Image: Images Money [CC BY 2.0], via Flickr

Efforts to support EU-funded researchers affected by Covid-19 delays ‘not enough’, say MEPs

Two MEPs have lent their support to researchers petitioning for paid extensions to EU research projects affected by the Covid-19 pandemic, calling on the European Commission to find the necessary funding.

A number of researchers funded by the EU’s Marie Skłodowska-Curie Actions scheme, which supports individual fellowships, training and mobility, have warned that their careers and personal lives are under severe pressure because they have not been offered funded extensions, even though their projects have been disrupted by Covid-19.

“Over the course of this summer, young academics and researchers repeatedly approached us. Many see their futures threatened by a failure to extend the funding for their MSCA fellowships,” MEPs Sven Simon and Christian Doleschal wrote in a 28 October letter to EU R&D Commissioner Mariya Gabriel, seen by Research Professional News.

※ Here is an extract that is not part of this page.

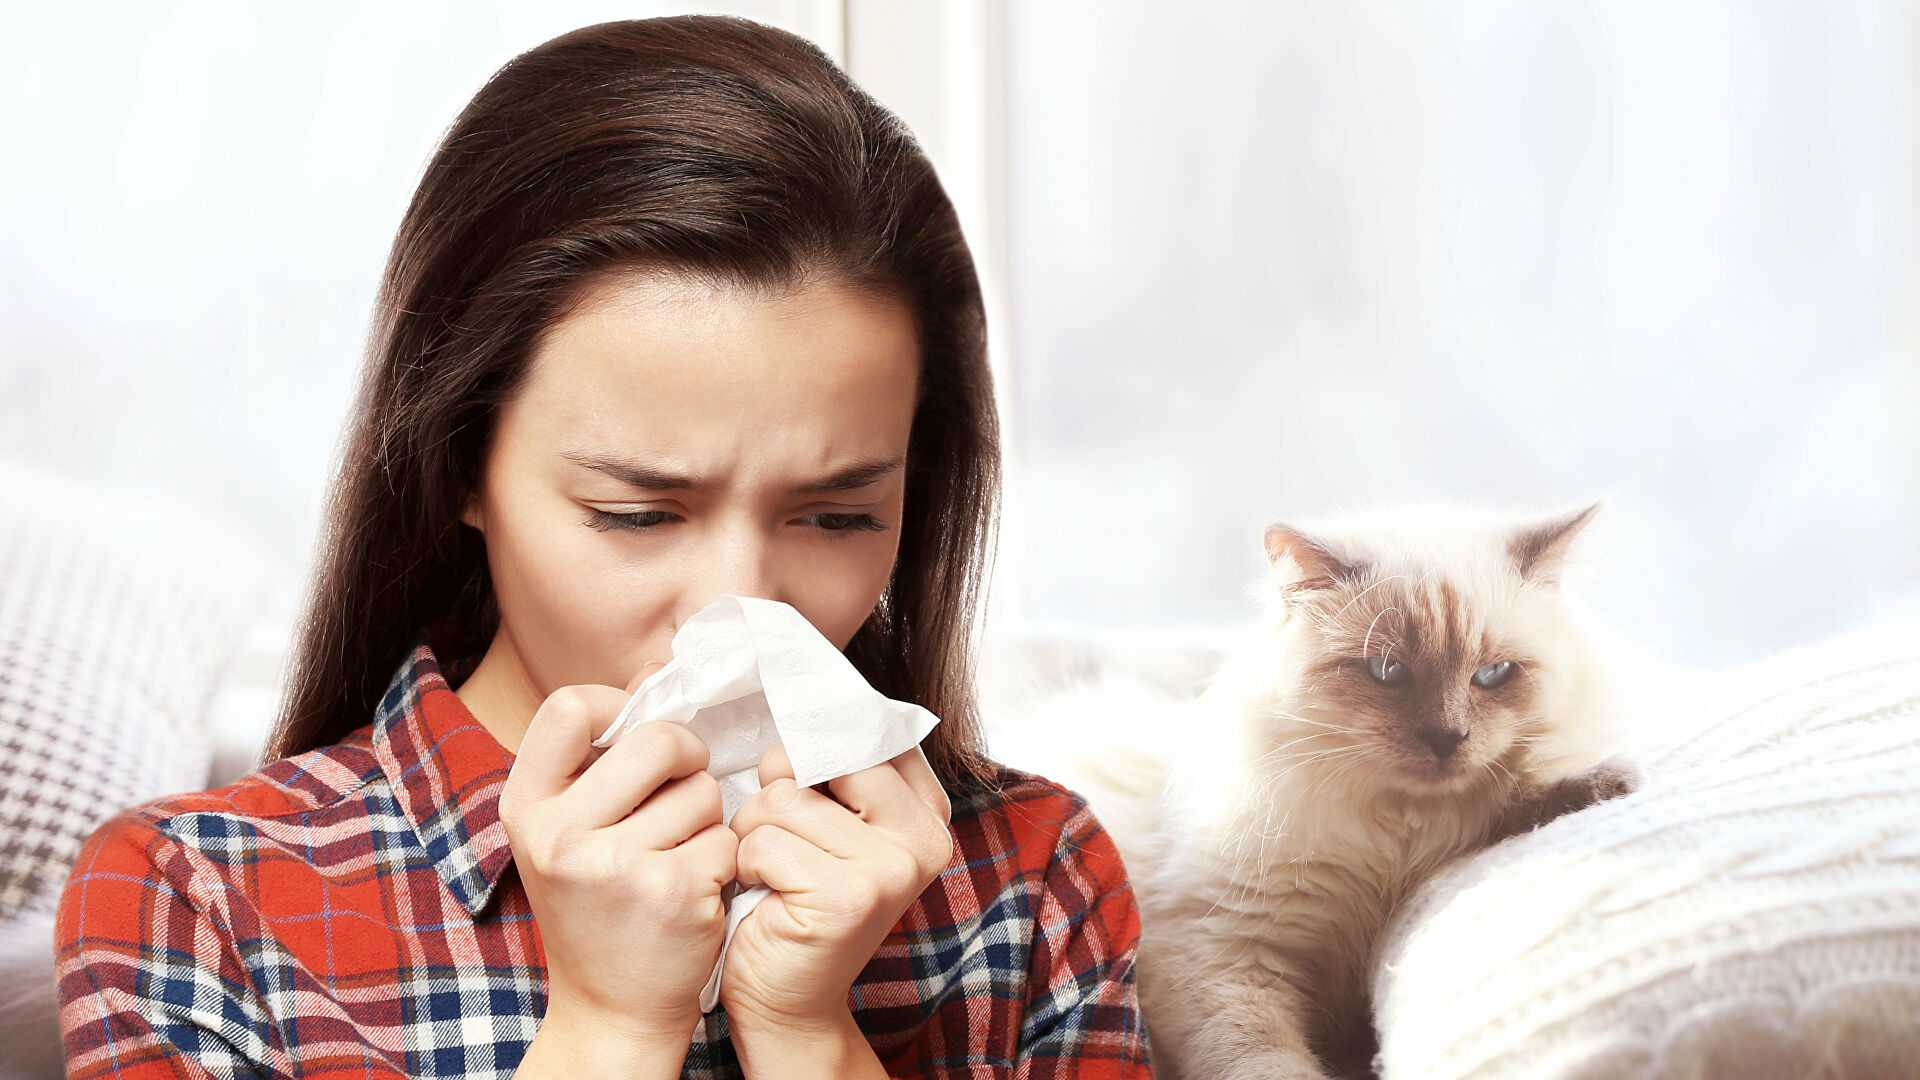 Ученые поставили под сомнение связь аллергии с депрессией и шизофренией

Action taken by the Commission “is now exhausted and has not produced satisfactory results for all recipients” they said, adding that returns to lockdown “in many member states will likely only worsen this problem”.

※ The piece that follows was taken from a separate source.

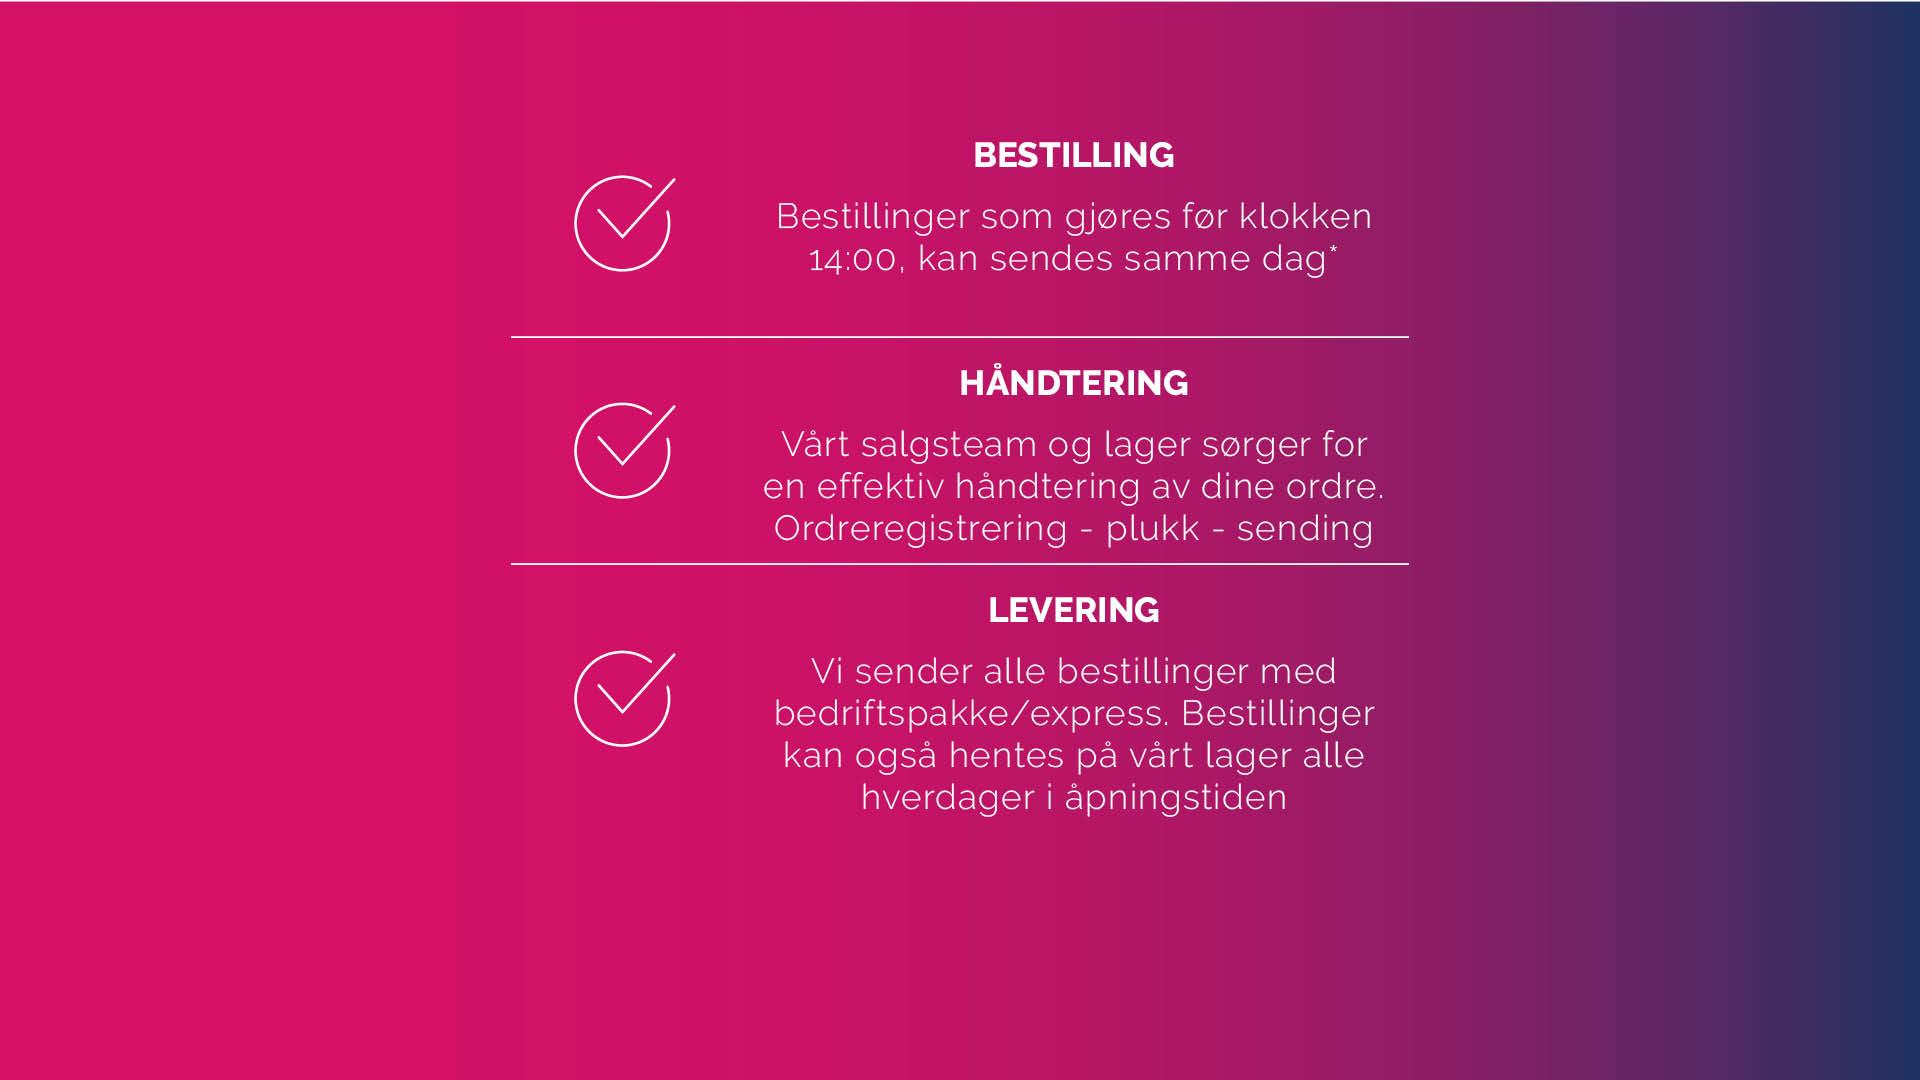 bestilling -levering_1.jpg

The MEPs called on Gabriel to “explore ways to re-designate unused funding from your directorate-general or other [departments], or seek alternative forms of funding” for the affected researchers. They added that at a meeting on 27 October, they “were encouraged by the commitment of [her] staff to provide solutions on the budgetary and regulatory problems within the next 14 days”.

The Commission declined to comment on the staff commitments referred to, instead reiterating its previously expressed stance that measures already adopted, including pushing back deadlines and allowing researchers to work part time, “have been appropriate and effective in addressing the difficulties encountered by fellows, as well as [being] largely accepted by the MSCA community”.

It said the issue “relates to very few cases, where fellows do not accept anything other than paid extensions”. The Commission added that paid extensions are legally prohibited, pushing back against a suggestion from Simon and Doleschal that it should “enact exceptional circumstances clauses” for the researchers.

The letter came amid an ongoing inquiry by the European Ombudsman’s office, which opened a file on two cases regarding funding for MSCA fellows on 2 October. The fellows involved, Nathalie Conrad and Antonia Weberling, told Research Professional News they welcomed the MEPs’ support.

“This statement by MEPs is important because it exposes the European Commission’s failure to address the situation of researchers whose work was affected by the Covid-19 outbreak adequately,” said Conrad.

In a 30 October open letter to the Commission president Ursula von der Leyen, Conrad and Weberling wrote that they are working as hard as they can to catch up on lost time on their projects researching cardiovascular disease—“the number-one cause of death globally”—but face further delays.

The ombudsman asked the Commission to respond by 15 November to questions such as whether it replied directly to researchers’ requests for emergency funding, and how it reminded researchers that institutional funding could be reallocated to support them.